Le 29 juin dernier, la section antigang de la Division du crime organisé du Service de police de la Ville de Montréal (SPVM) a réalisé un coup de force en procédant à l’arrestation de quatre militantes et militants qu’elle associe au Parti communiste révolutionnaire (PCR), relativement à la dernière manifestation du 1er Mai organisée par la Convergence des luttes anticapitalistes (CLAC).

Lors de cette manifestation, des policiers auraient été blessés, quand les manifestantes et manifestants ont repoussé une attaque sournoise et provocatrice de la police contre un militant connu comme photographe de ce journal, à qui l’on reprochait de crier trop fort des slogans contre… la police.

Les quatre personnes arrêtées font maintenant face à plusieurs accusations criminelles, dont «agression armée», «voies de fait sur un agent de la paix», «entrave au travail des policiers» et «port d’arme dans un dessein dangereux». Elles ont été remises en liberté sous condition et comparaîtront à nouveau devant le tribunal le 20 septembre prochain.

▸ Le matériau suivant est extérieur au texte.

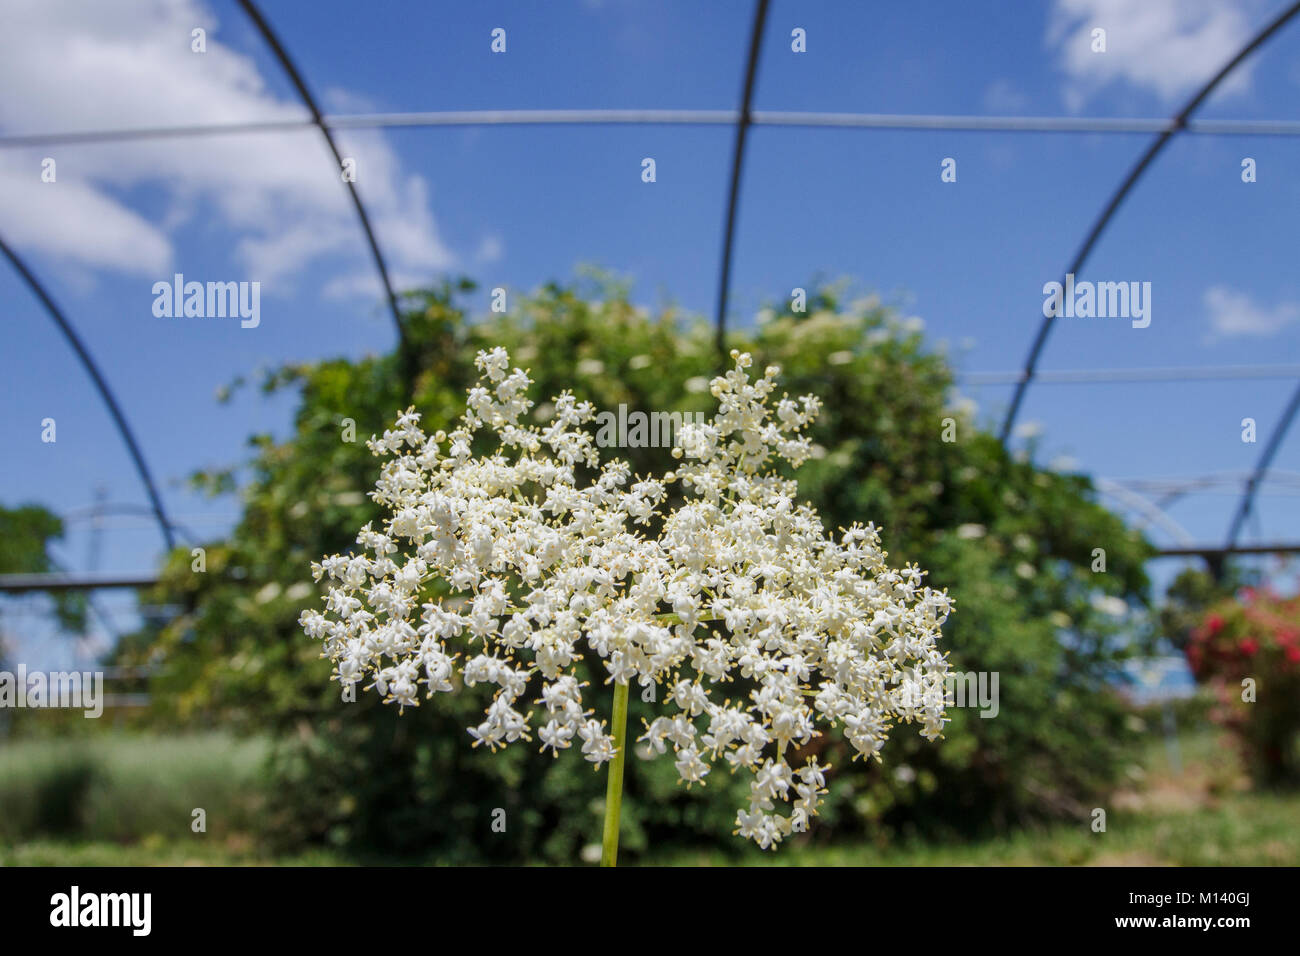 Black Elder (Sambucus nigra), flower and tree in greenhouse, Galicia, Spain. - Stock Image

Fait à noter, l’opération a été supervisée par un enquêteur du SPVM par ailleurs associé à l’Équipe intégrée sur la sécurité nationale, qui regroupe également des agents de la Sûreté du Québec, de la Gendarmerie royale du Canada (GRC) et du Service canadien du renseignement de sécurité (SCRS). De fait, cet enquêteur semblait plus intéressé à incriminer le PCR, et en particulier le militant Patrice Legendre – un ouvrier communiste connu comme supporter du PCR – dans une série d’actions ayant été revendiquées au fil des ans par un groupe appelé «Résistance internationaliste», dont l’explosion d’une bombe devant un centre de recrutement des Forces canadiennes à Trois-Rivières à l’été 2010.

Depuis les arrestations du 29 juin, des agents de la GRC se livrent d’ailleurs à une opération de harcèlement systématique contre des personnes qu’ils associent au PCR ou considèrent proches de Patrice Legendre, incluant des visites à domicile, sur les lieux de travail, chez des voisins ou des membres de leurs familles, le tout se déroulant officiellement dans le cadre de leur enquête sur les actions mentionnées plus haut. Le passé trouble de ce corps de police, dont le recours à des actes illégaux a été largement documenté au Québec, est une raison en soi, et certainement une raison de plus, de ne pas collaborer avec lui sous aucun prétexte.

Par ailleurs, peu avant que les accuséEs comparaissent le 13 juillet dernier, le SPVM a été forcé de dévoiler l’existence d’une nouvelle escouade appelée GAMMA (pour «Guet des activités et des mouvements marginaux et anarchistes»), qui constitue de fait une police politique en elle-même. Vraisemblablement mise sur pied il y a deux ans, c’est cette escouade qui a réalisé l’opération du 29 juin. Et tout porte à croire que c’est également elle qui a procédé à l’arrestation de quatre militantes et militants associéEs à une organisation étudiante, l’ASSÉ (Association pour une solidarité syndicale et étudiante), à qui l’on reproche d’avoir mené des actions un peu plus confrontantes au printemps dernier.

La création de l’escouade GAMMA a suscité à raison une vague de dénonciations et d’indignation un peu partout au Québec. Le PCR a lui-même reçu de nombreux messages de solidarité, dont certains venant du Chili, d’Italie et d’Ukraine.

Il suffit de regarder ailleurs et autour de nous pour anticiper la vague de soulèvements populaires et d’actions révolutionnaires, qui ébranle déjà et continuera d’ébranler le système capitaliste mondial. Que l’État bourgeois et son appareil de répression s’en prennent à ceux et celles qui mettent de l’avant de réelles perspectives de libération pour les masses opprimées est un signe évident de la crainte que la révolution inspire aux réactionnaires. Qu’il soit dit que leurs tentatives de faire taire la voix de la révolution resteront vaines!